Lindesay edged forward on his path, looking at and comparing the two scenes, before coming to a halt.   The photo in his hand, it seemed, must have been taken somewhere around where he stood. With his thumbs and forefingers, he made a rectangle and mimicked framing the view that once might have been seen through a camera. After some “zooming in and out” and careful comparison with the photo, he was sure he had found the exact place he was looking for. Taking a deep breath, he raised his camera and clicked the shutter. Now, Lindesay had two photos of the same view of the Great Wall, but 80 years apart.
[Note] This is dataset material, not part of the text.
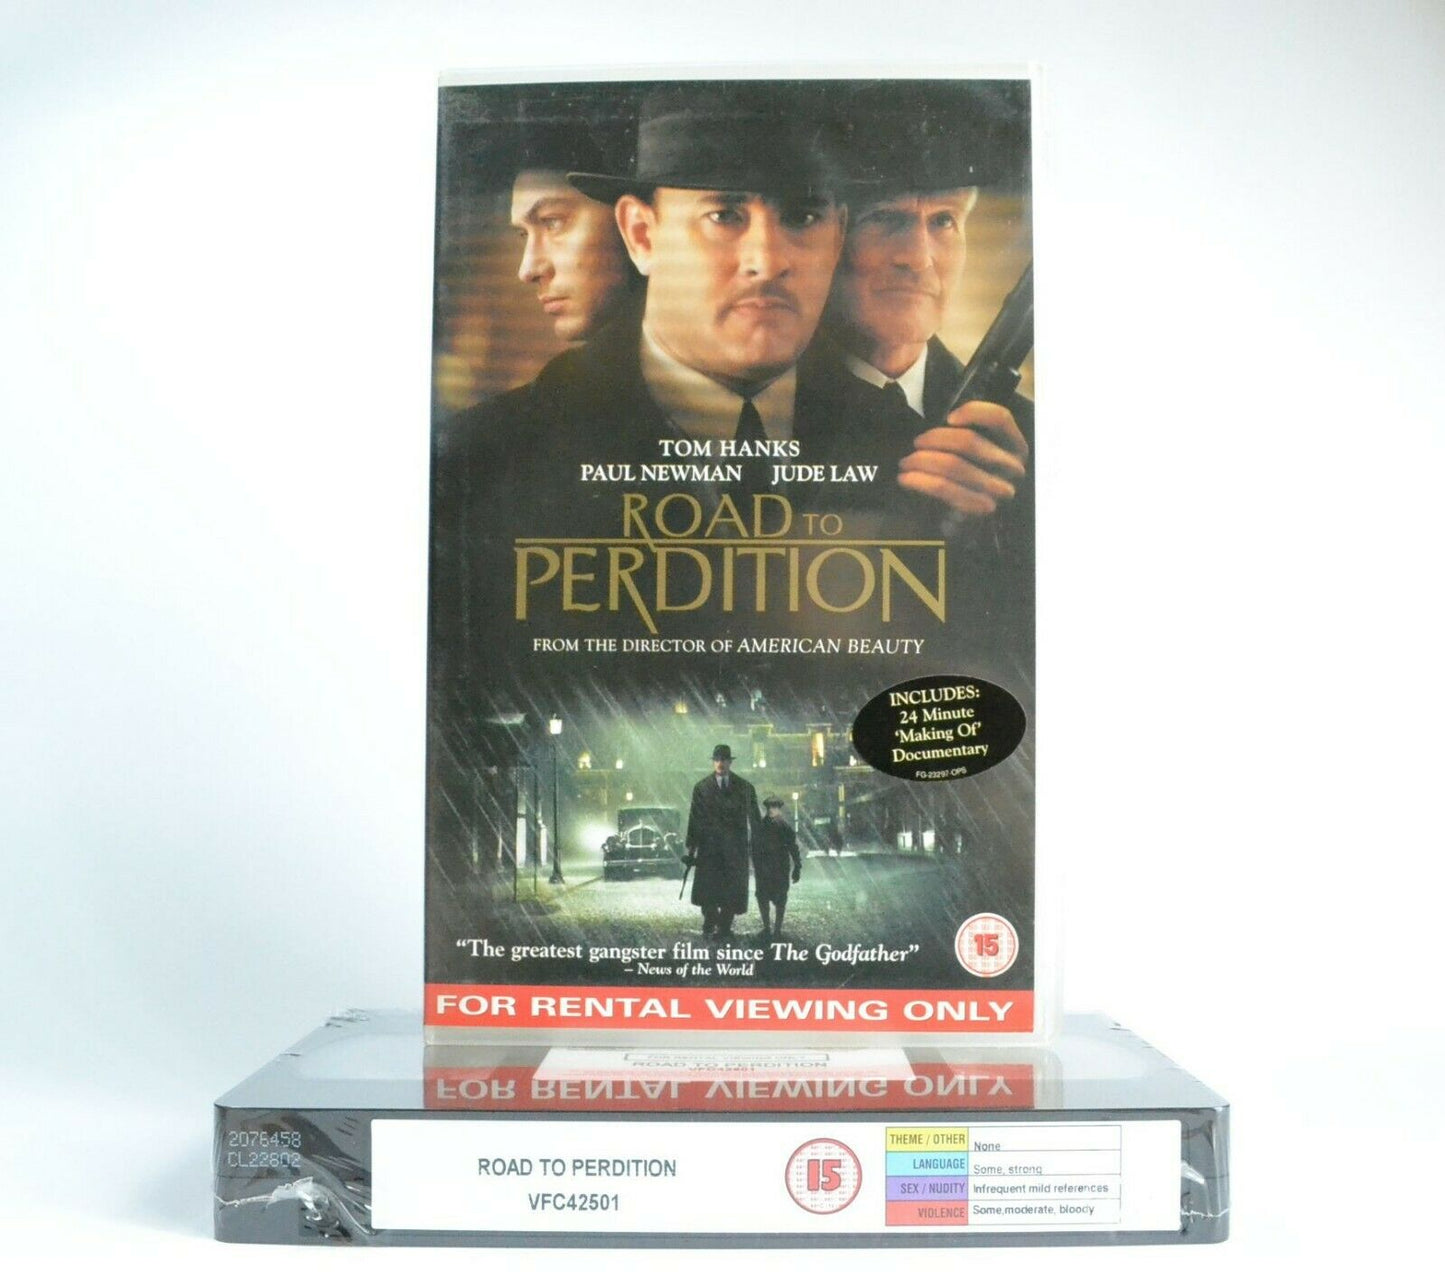 Road To Perdition: Brand New Sealed - Crime Action - Tom Hanks/Paul Newman - VHS-

 “This is ‘re-photography,’ ” Lindesay explained. “It links the past and the present with two pictures.”

Lindesay, 50, of Great Britain, was busy preparing his “Great Wall Revisited: How the Great Wall Has Changed” exhibition when this article was being written. Scheduled to open on January 5, 2007, in the Capital Museum of Beijing, the exhibition features 72 pairs of “then” and “now” photos of the Great Wall, with some representing intervals of more than 100 years.

The disappearing Great Wall

 In 1982, Lindesay bought a globe from National Geographic Society in Washington D.C. He was thrilled to find the jagged line that indicated the Great Wall as the only man-made structure marked on it. But 22 years later, when he revisited the Society in 2004 and bought another globe to keep up with political changes that had taken place worldwide, he was saddened to find that the Wall had been deleted. Sadly, this symbolized a certain reality.

Among the collections displayed at the Capital Museum exhibition, one pair of photos, the older taken in 1948, documents the disappearance of the “Sister Towers,” two watchtowers that once stood side by side at Gubeikou, a rare and perhaps unique architectural arrangement along the Great Wall.

On one of his re-photography journeys, Lindesay visited a farmer in his late 70s who has long lived only 200 metres away from where the Sister Towers once stood. Lindesay learned from the farmer that the towers had been bombed by the Japanese in the 1930s. Decades later, when People’s Liberation Army troops were building a railway down in the valley, they took away bricks from the towers to build shelters. After the troops left, the villagers salvaged the bricks to build yard walls for themselves. All that remains is a hint of what once stood there, little more than a mound of bricks and stones.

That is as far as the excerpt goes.